Nikolai se miró las manos encogidas y que seguramente estarían rojas de no ser por la persistente capa de mugre que las recubría. Trató de cobijarse bajo las cortinas que robó la pasada primavera en aquel hotelucho de mala muerte en el que alguien demasiado descuidado se había dejado la ventana abierta. Si sólo tuviera una aguja y un poco de hilo, se maldecía, podría remendar los agujeros que las ratas hacían por la noche buscando el calor de su cuerpo.
Aún faltaban dos horas para el amanecer, y apenas había podido dormir. La nieve se había fundido en contacto con sus ropas, y en aquel patio interior no había nada que le permitiera cobijarse. Malditos nazis, con sus rondas nocturnas. Pasaban revista todas las noches a los desharrapados, pidiendo documentación. Desde que su país se había metido en la Guerra, tenía que huir cada vez que les oía acercarse.
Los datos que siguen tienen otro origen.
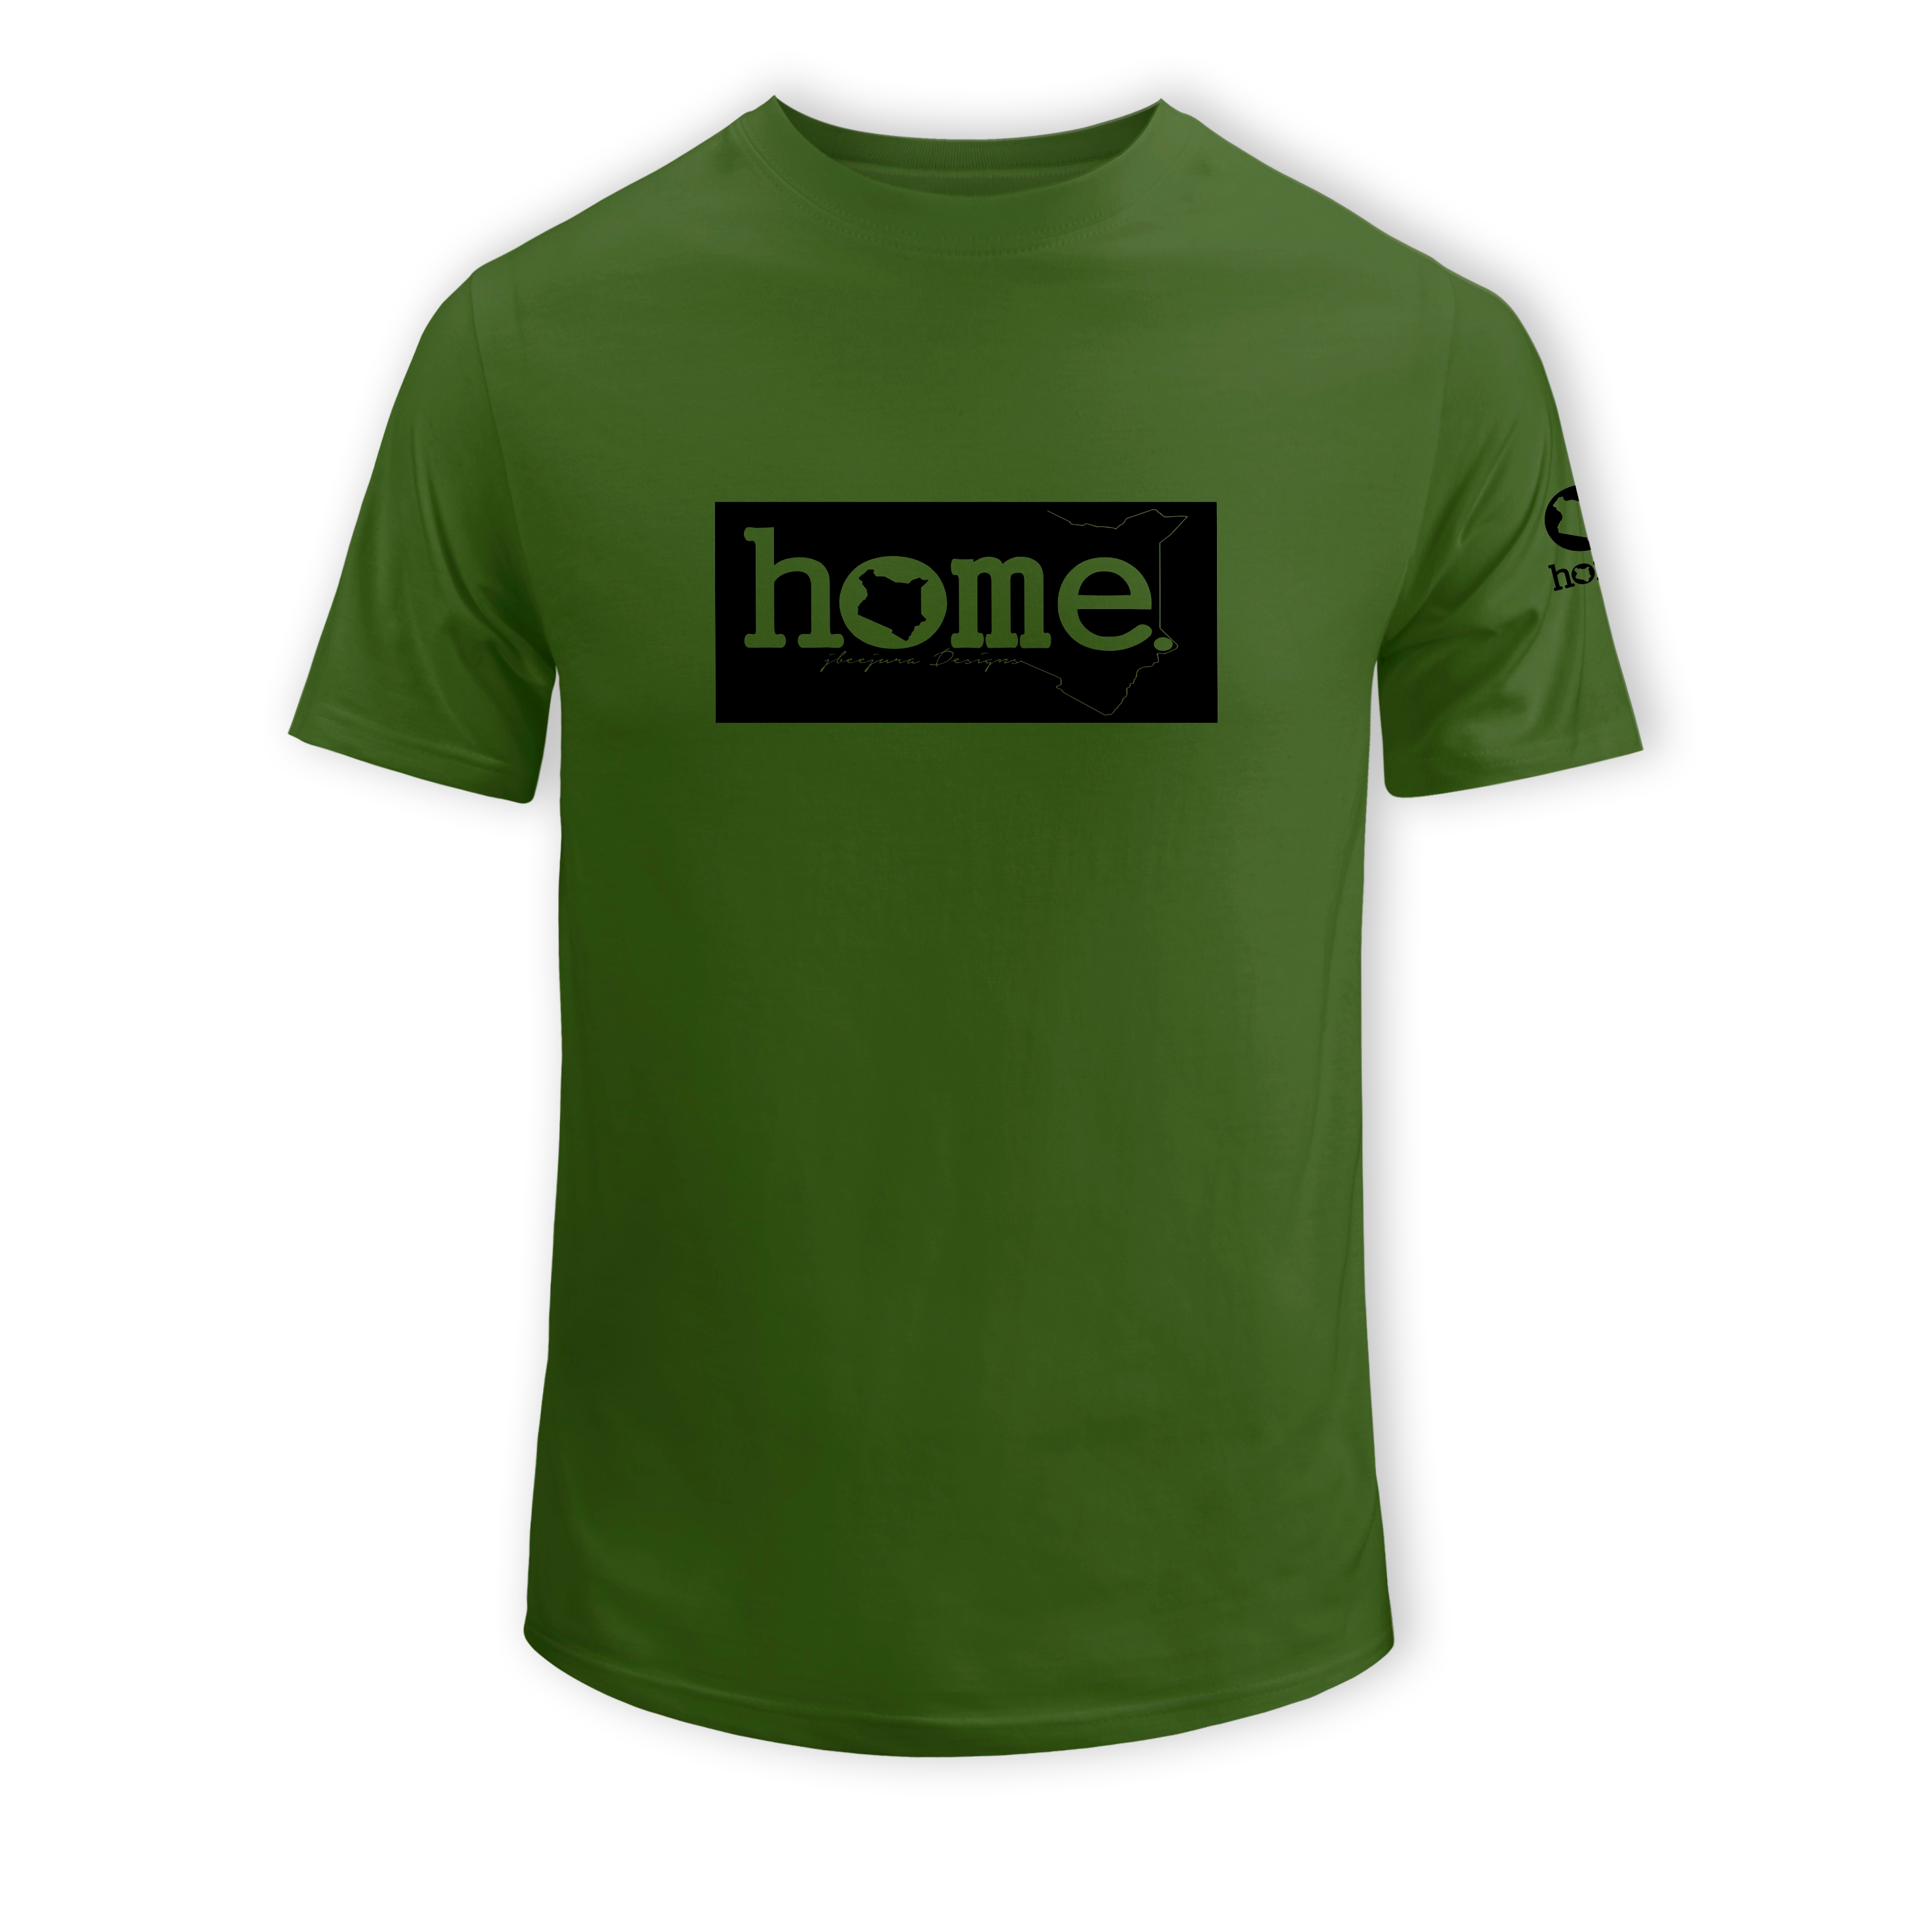 home_254 SHORT-SLEEVED JUNGLE GREEN T-SHIRT WITH A BLACK CLASSIC PRINT – COTTON PLUS FABRIC

Nikolai había llegado huyendo del hambre de su Petrogrado natal, saltando de país en país, haciendo un poco de todo. Había llegado a Budapest con una cuadrilla de compatriotas hacía cosa de nueve o diez años, no podía recordar bien.
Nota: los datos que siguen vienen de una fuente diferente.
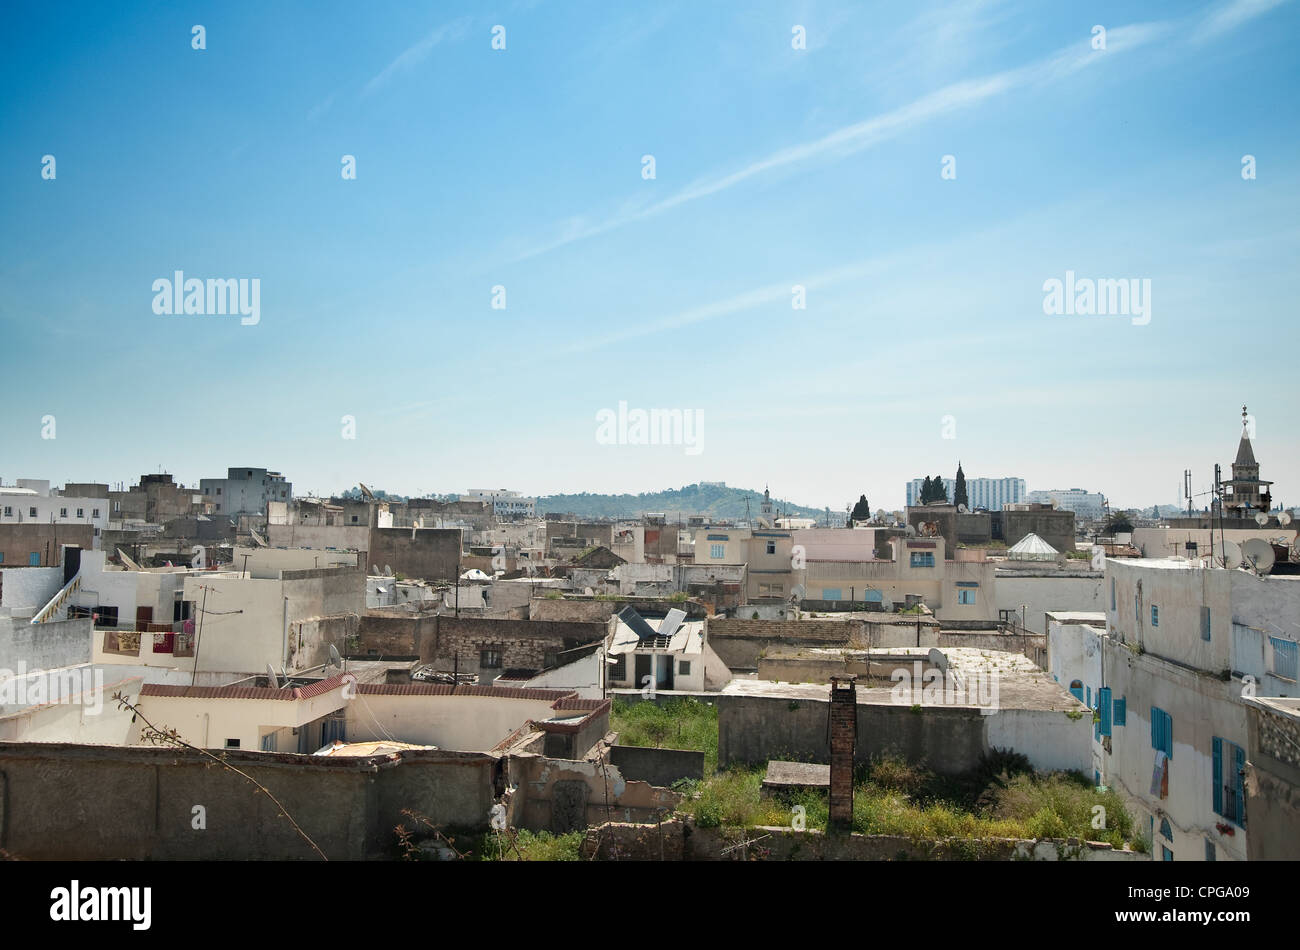 Tunis, Tunisa - Cityscape with rooftops Stock Photo

Los primeros meses fueron horribles, casi tanto como ahora. Sin nadie que le contratara, deambulaba por los callejones traseros de los restaurantes, pegándose por sobras de tres días. Sin embargo, su suerte cambió un día. Su gran talla hizo que un hombre se fijara en él. Ferenc era el herrero encargado de las reformas en el castillo, y andaba falto de mano de obra para realizarlas. Temía que de no poder encontrar a alguien pronto le relegaran de su puesto, lo que supondría la ruina para su familia. Le ofreció a Nikolai un puesto de aprendiz, sin sueldo, pero con manutención. Podría dormir en el taller, caliente, a resguardo de las inclemencias, y comer con Ferenc en su misma mesa.
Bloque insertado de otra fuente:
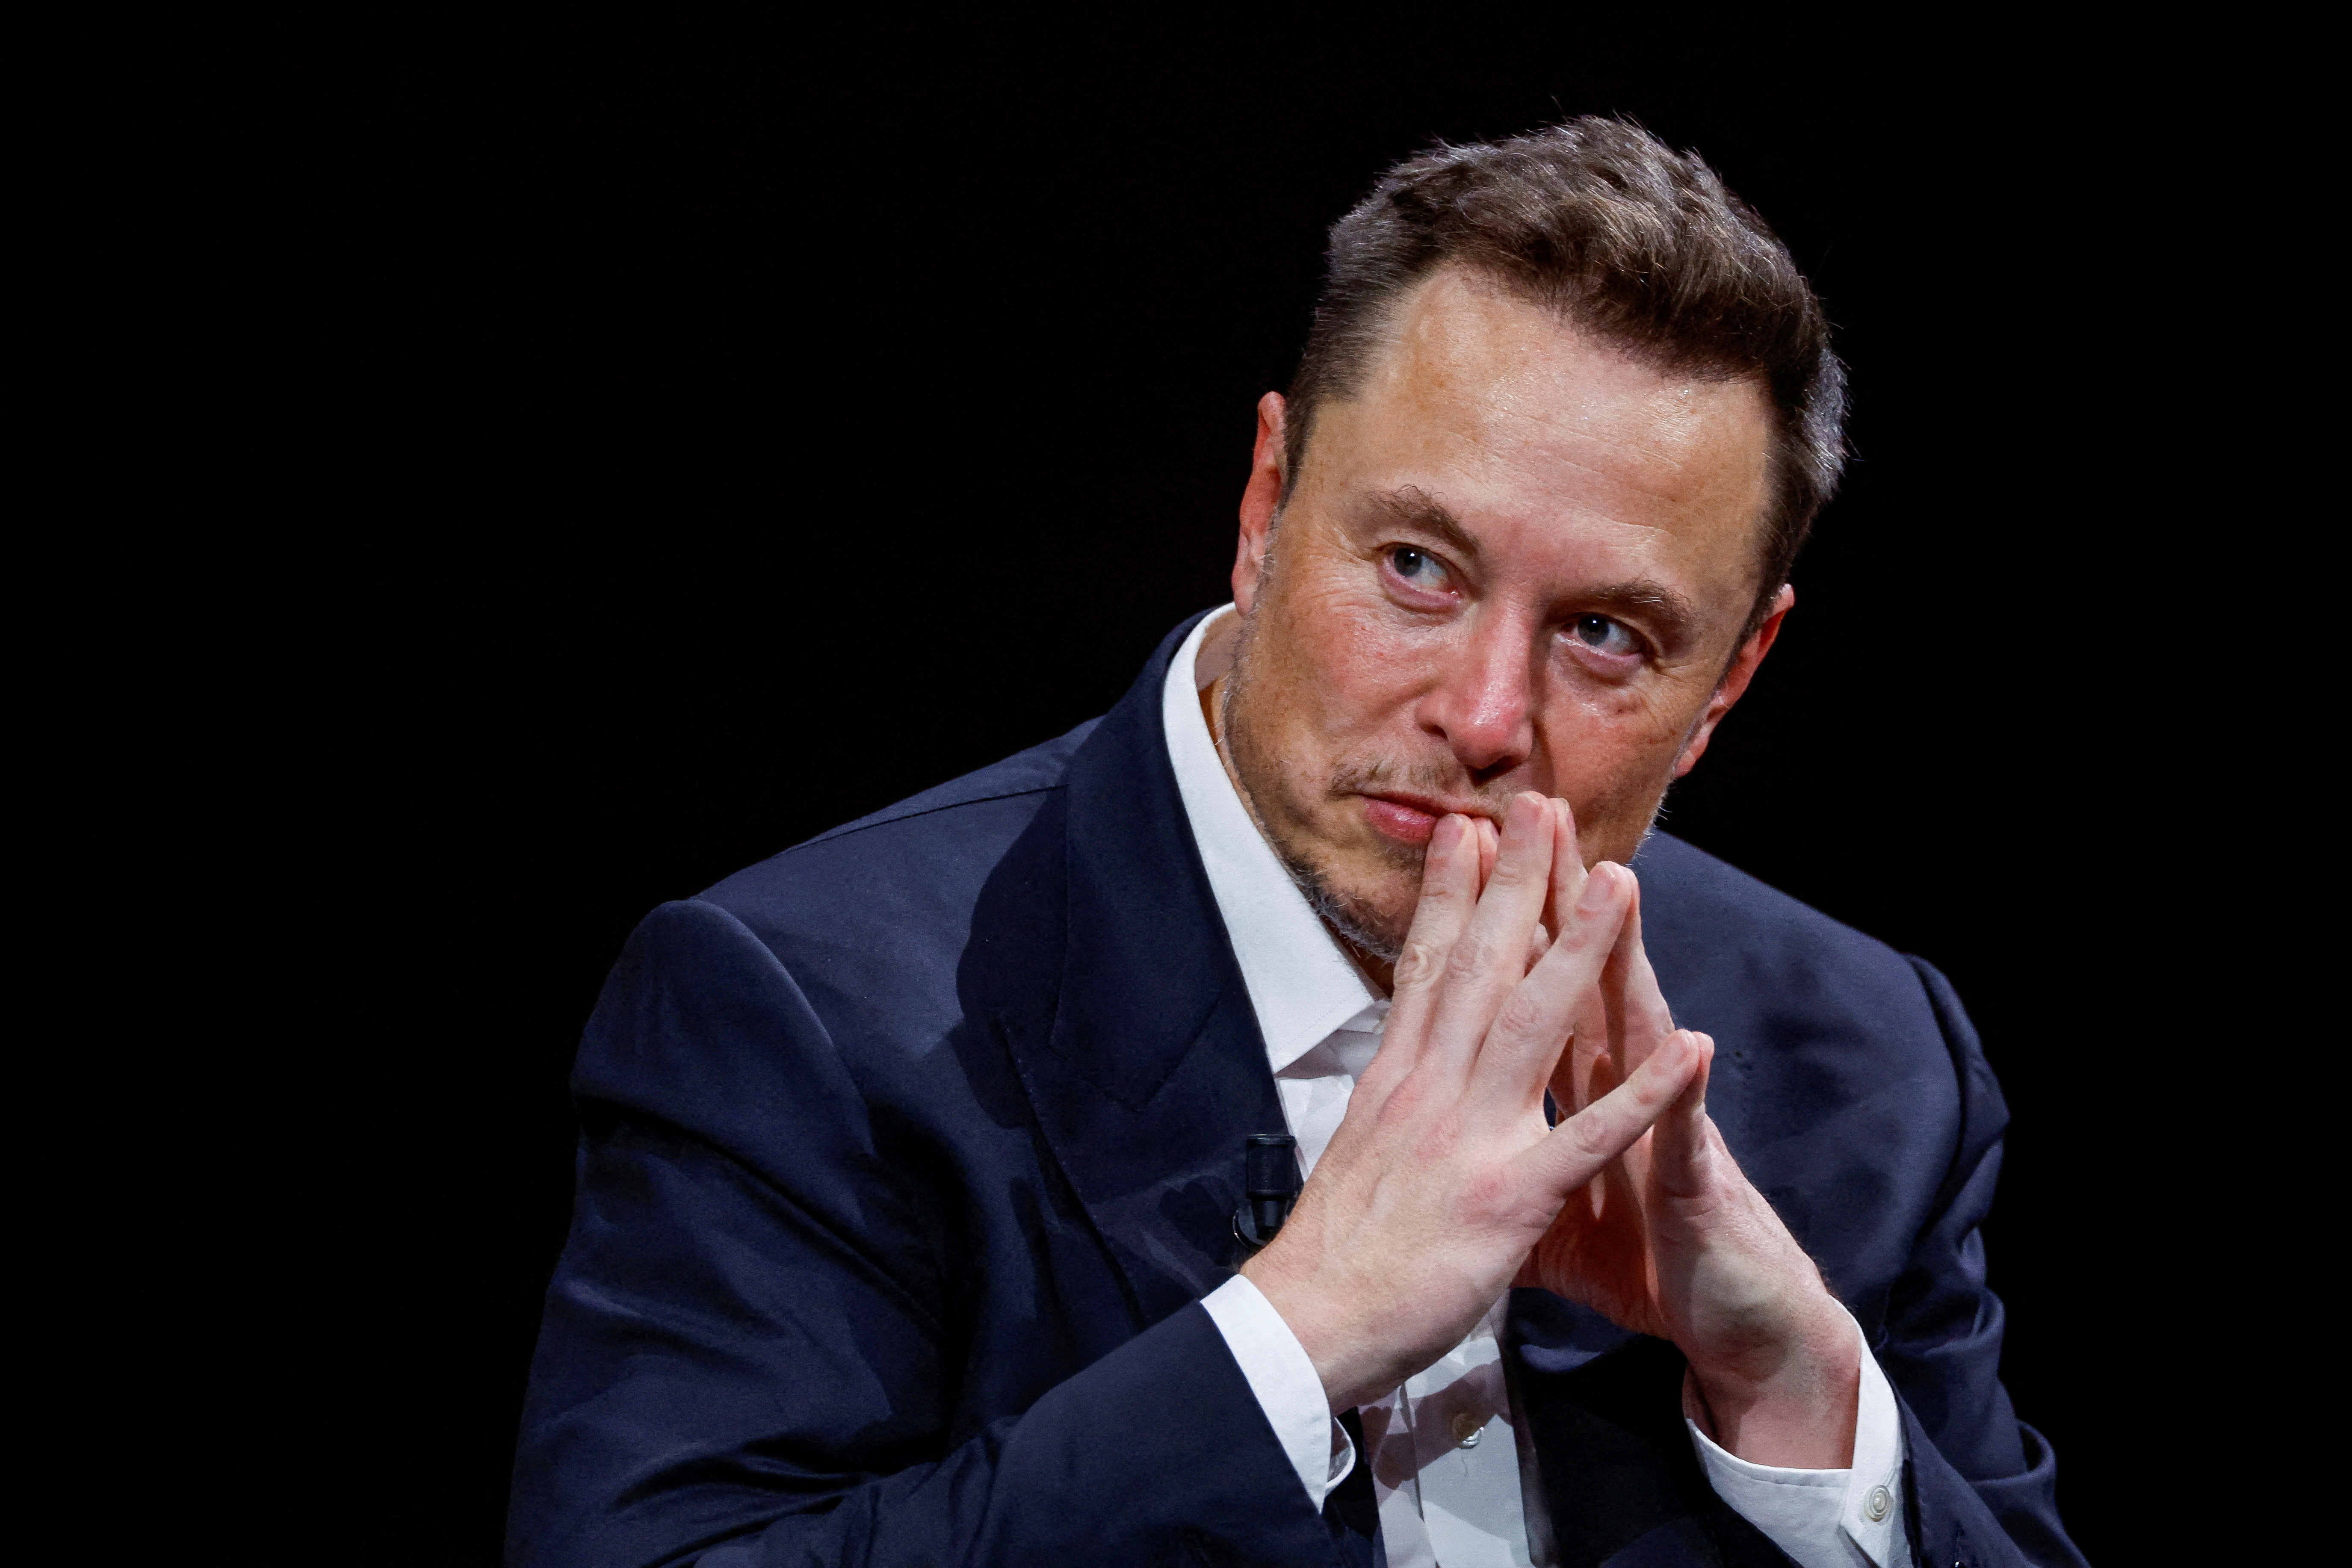 Elon Musk offers $1 billion to Wikipedia; but, there is a condition

Nikolai se encargaba de manejar las pesadas barras de hierro, girándolas según mandaba su maestro para que él pudiera golpearlas y moldearlas. La valla de tres metros de altura que estaban reparando necesitaba de una persona con gran fuerza, y a otra con gran maña para poder recrear los complicados motivos de la valla original.
Eran buenos tiempos en Budapest. Apenas recordaba ya las penurias pasadas. De hecho ni frecuentaba las mismas calles. Temía en su fuero interno que aquellas aceras le reclamaran de nuevo, que las sombras tiraran de él y le arrastraran al pozo de nuevo. Prefería las luces de la calle Andrassy, donde estaba fuera de lugar entre tanto lujo, pero le gustaba imaginarse sentado en un sillón cerca de la chimenea dentro de una de esas mansiones.
Fue allí donde conoció a Esther. Sus miradas se cruzaron por un instante nada más. Ella andaba apresurada cargando un pesado fardo, con el ceño fruncido y los ojos verdes centelleantes. Tenía manchada de hollín la barbilla y la oreja izquierda. Esa misma noche Nikolai repasó mentalmente todos esos detalles una y otra vez. Tenía que verla al día siguiente.